▶ **EXERCISE DESCRIPTION**: Scan the records below for the line with "GETTREVIEWS" and the line with "За вред автомобилю", and retype that range exactly, both ends included, pictures excepted.
** AVAILABLE RECORDS follows **
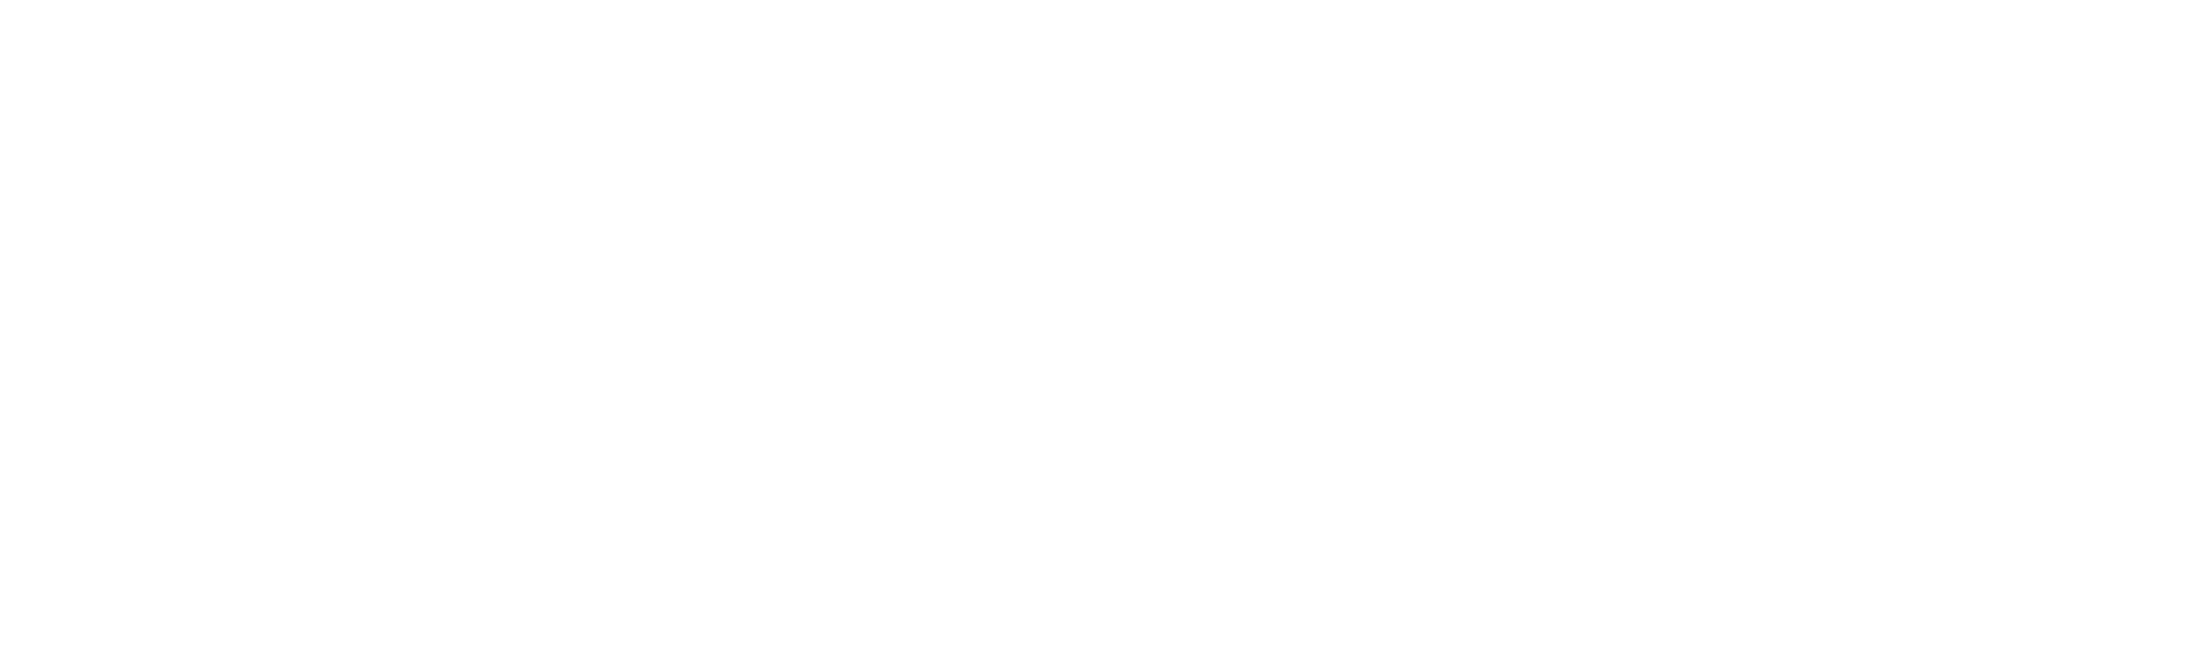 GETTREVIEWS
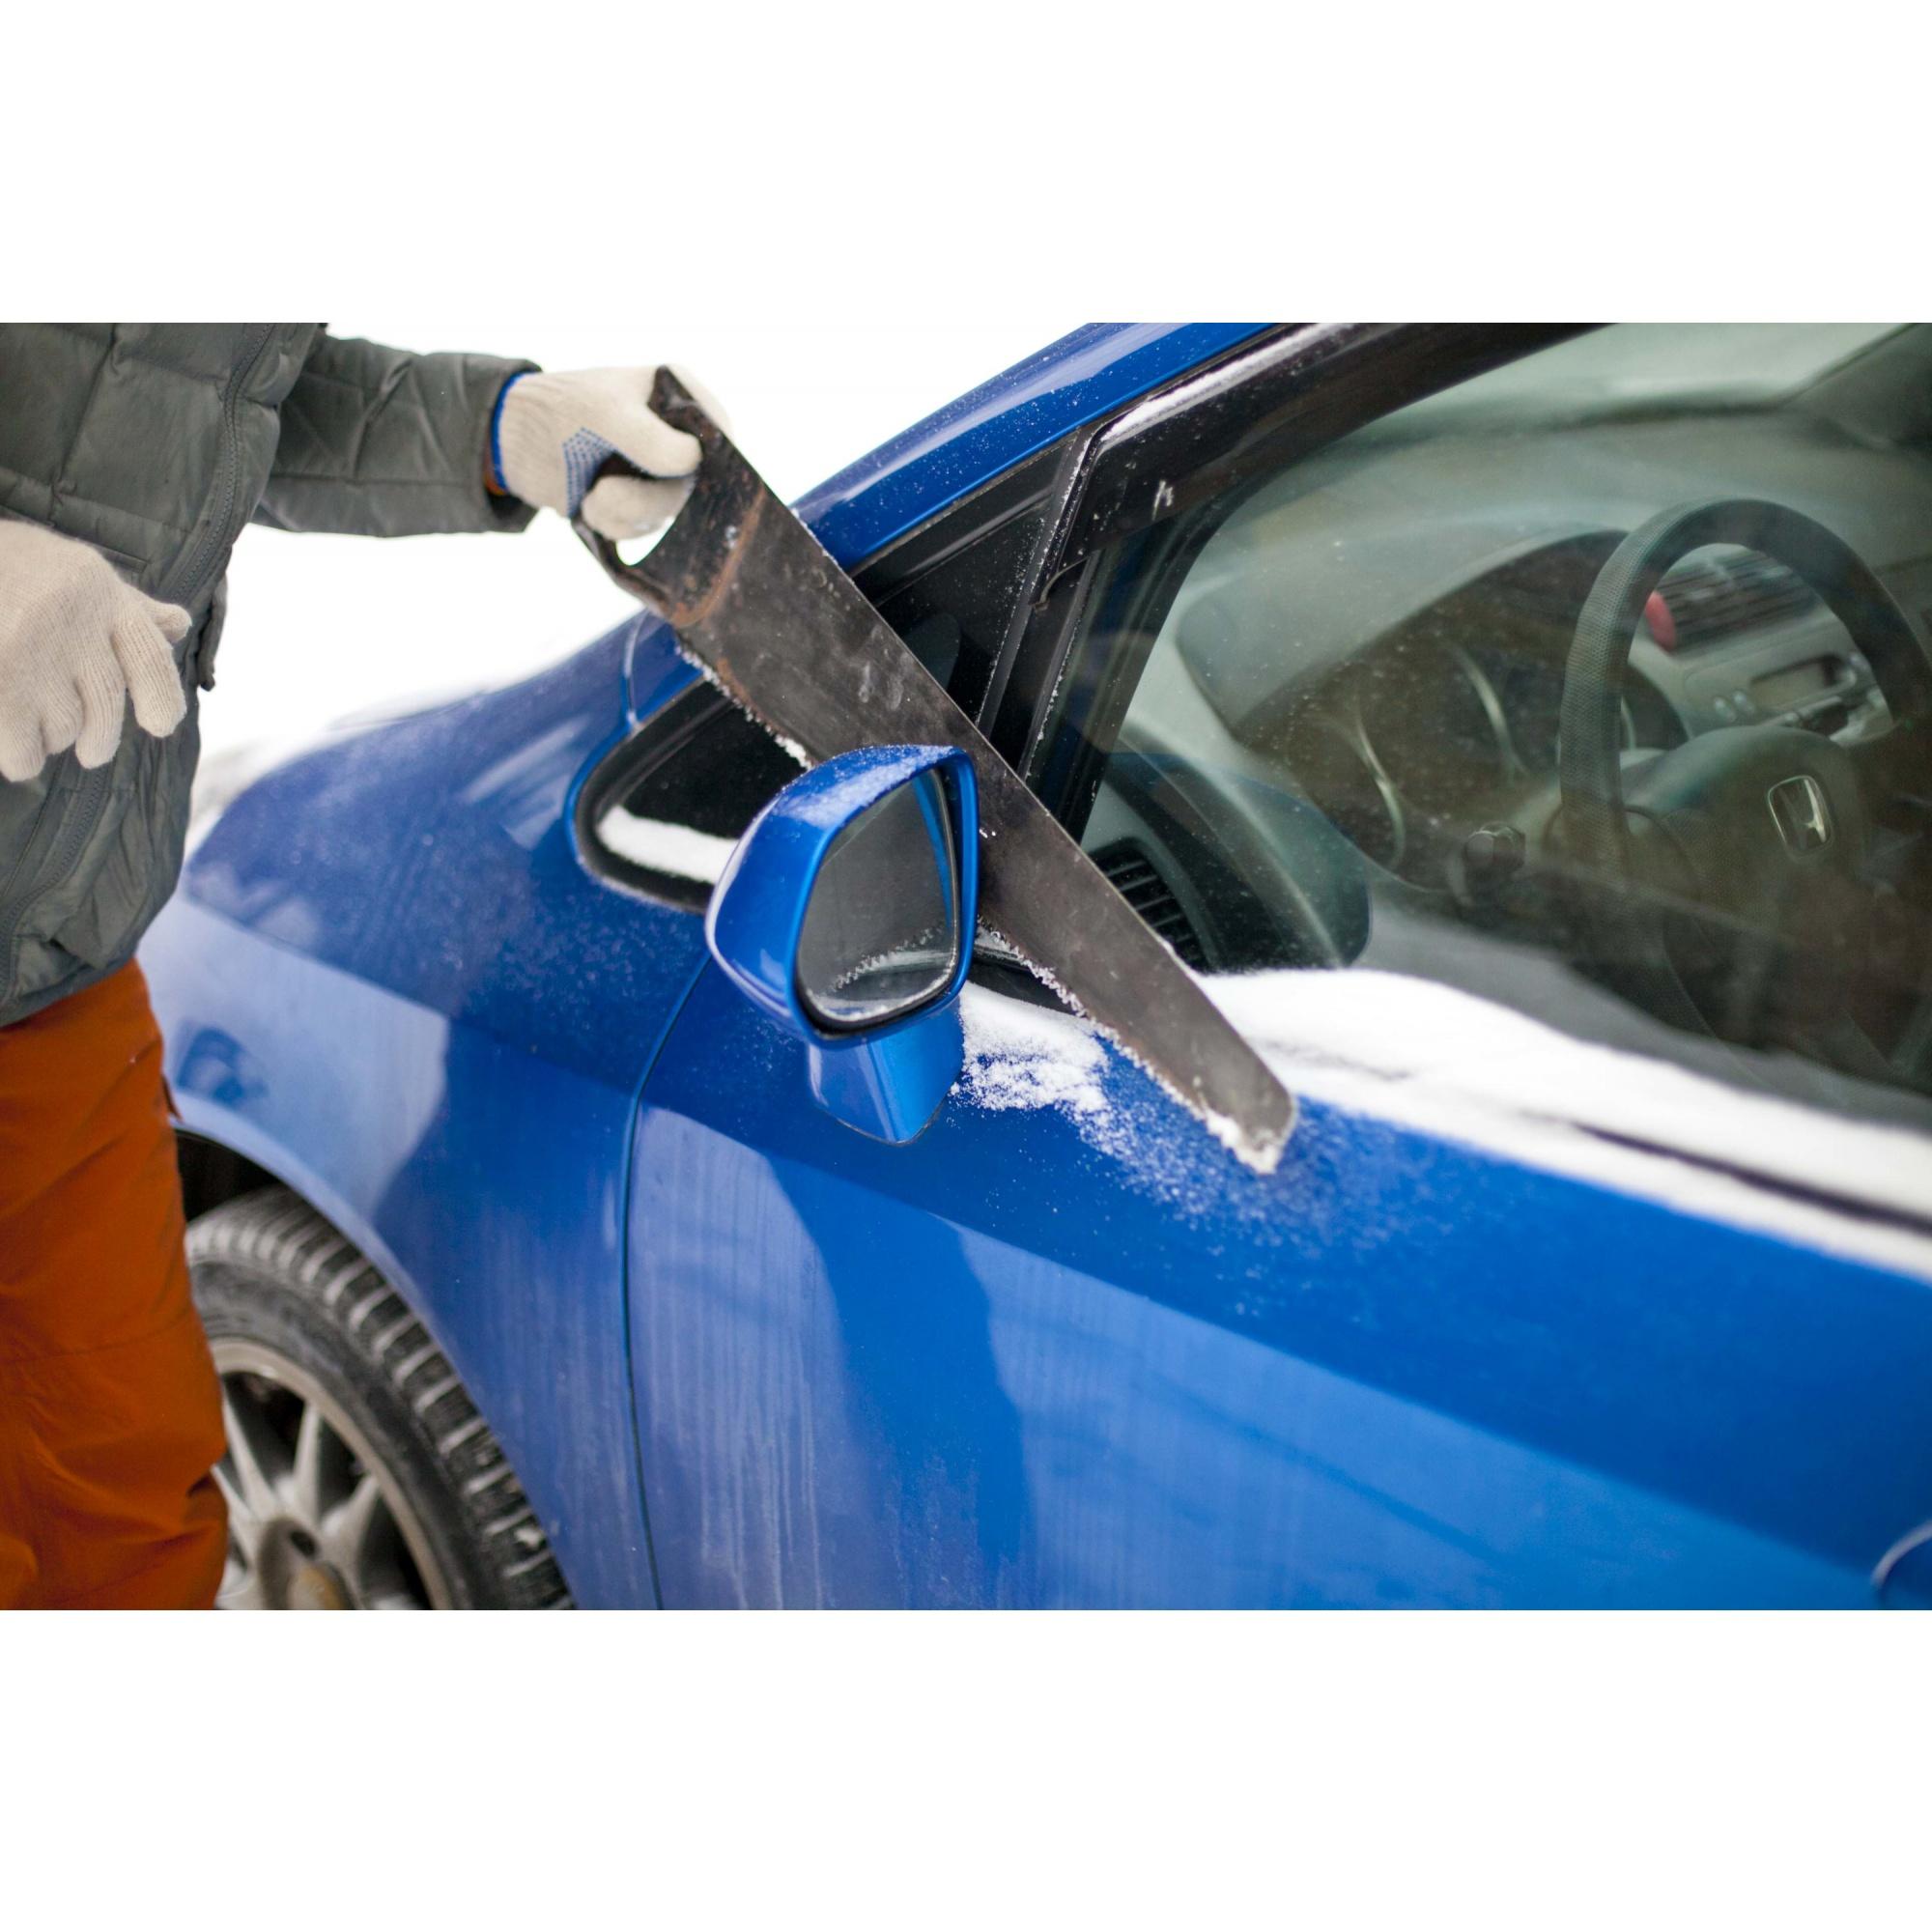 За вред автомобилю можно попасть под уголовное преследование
** End of AVAILABLE RECORDS **
** AVAILABLE RECORDS follows **
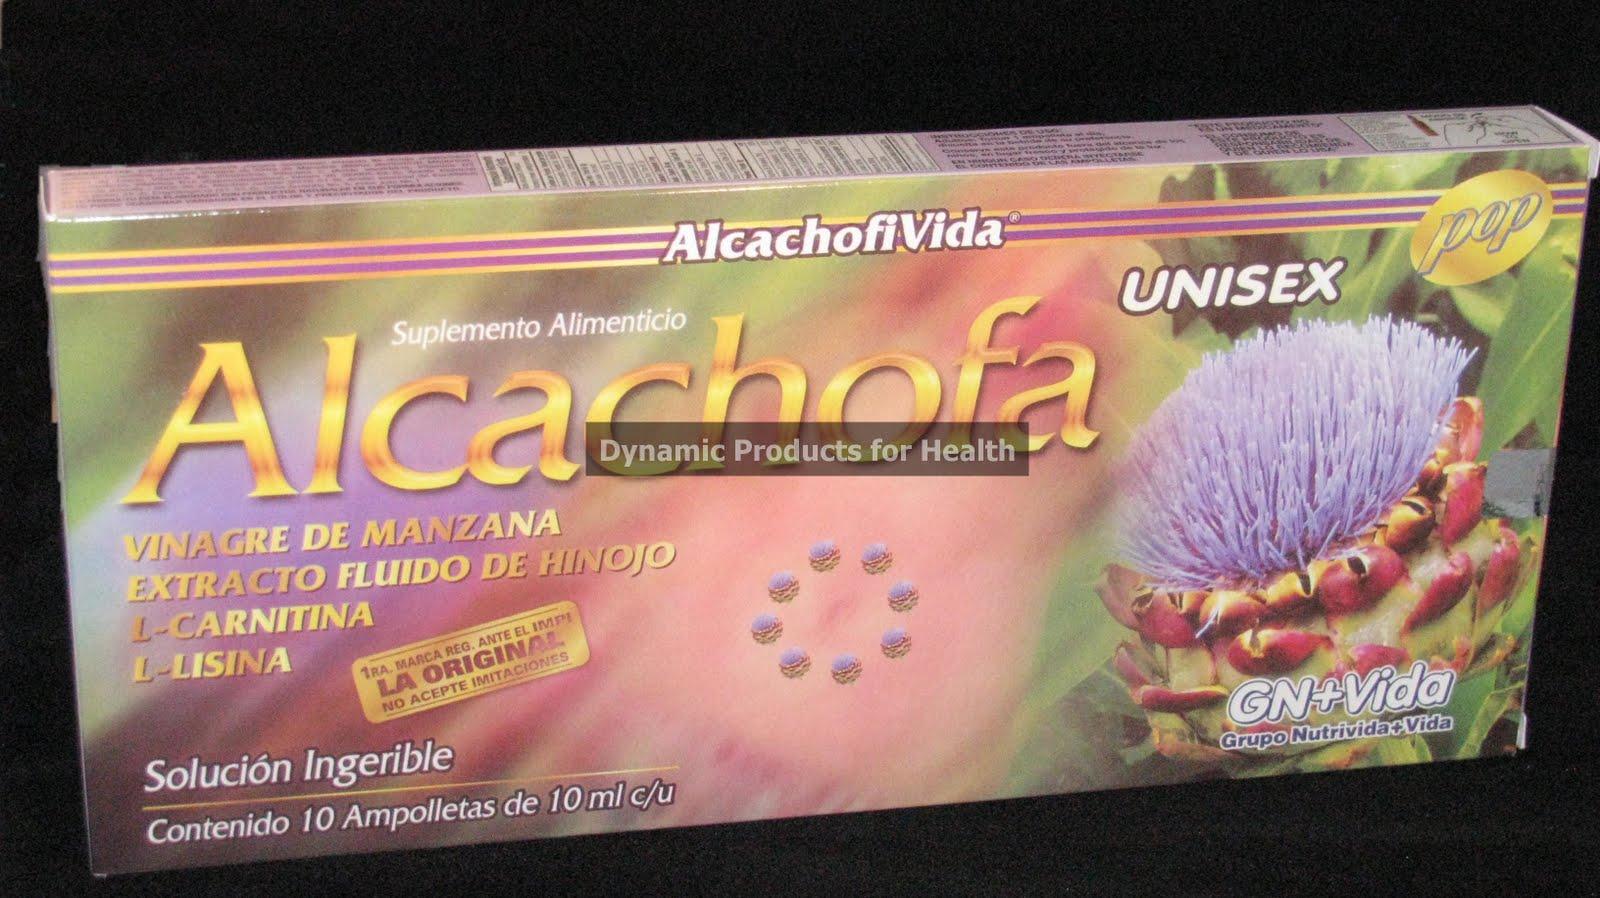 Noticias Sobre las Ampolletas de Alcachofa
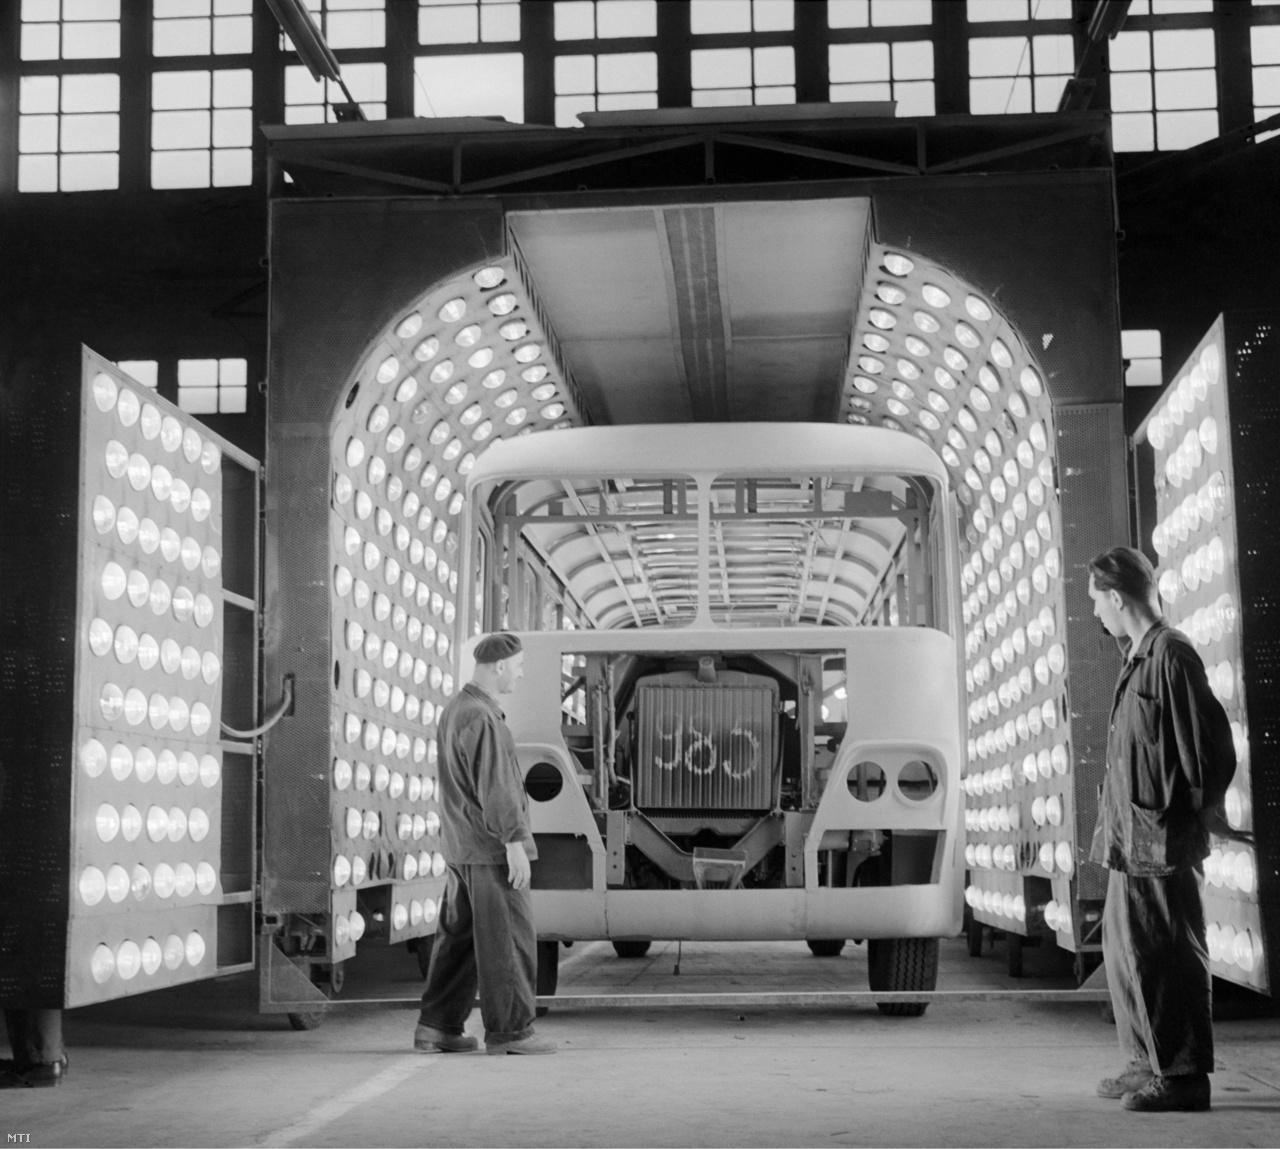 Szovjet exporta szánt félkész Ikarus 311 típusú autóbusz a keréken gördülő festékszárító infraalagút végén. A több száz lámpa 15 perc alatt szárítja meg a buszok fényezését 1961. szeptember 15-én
** End of AVAILABLE RECORDS **
** AVAILABLE RECORDS follows **
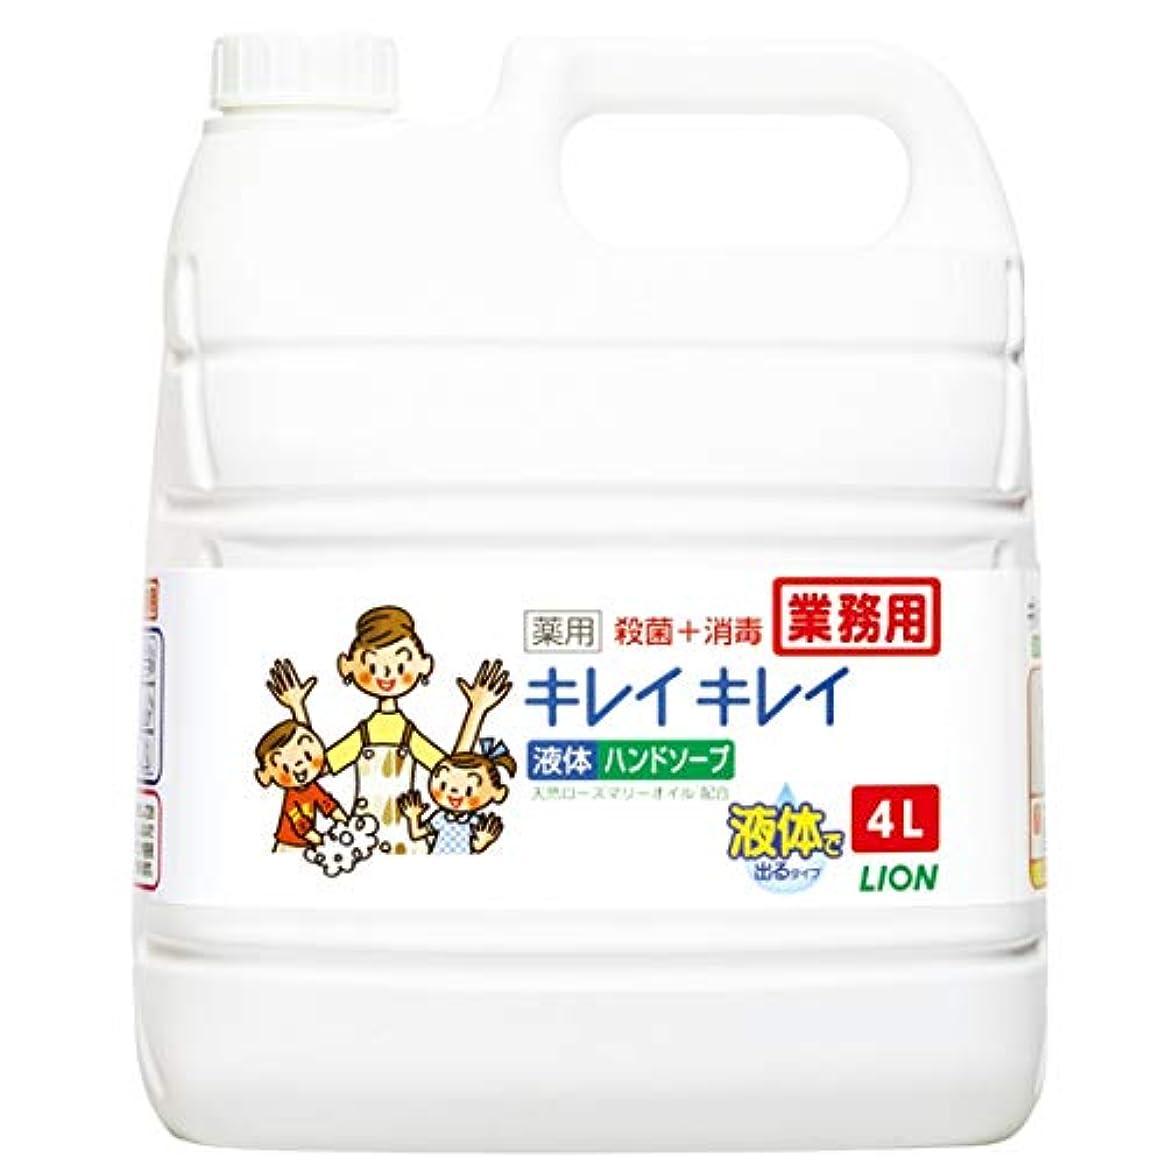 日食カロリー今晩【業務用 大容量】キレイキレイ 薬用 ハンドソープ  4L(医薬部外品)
** End of AVAILABLE RECORDS **
▶ **TASK RESPONSE**:
 GETTREVIEWS
 За вред автомобилю можно попасть под уголовное преследование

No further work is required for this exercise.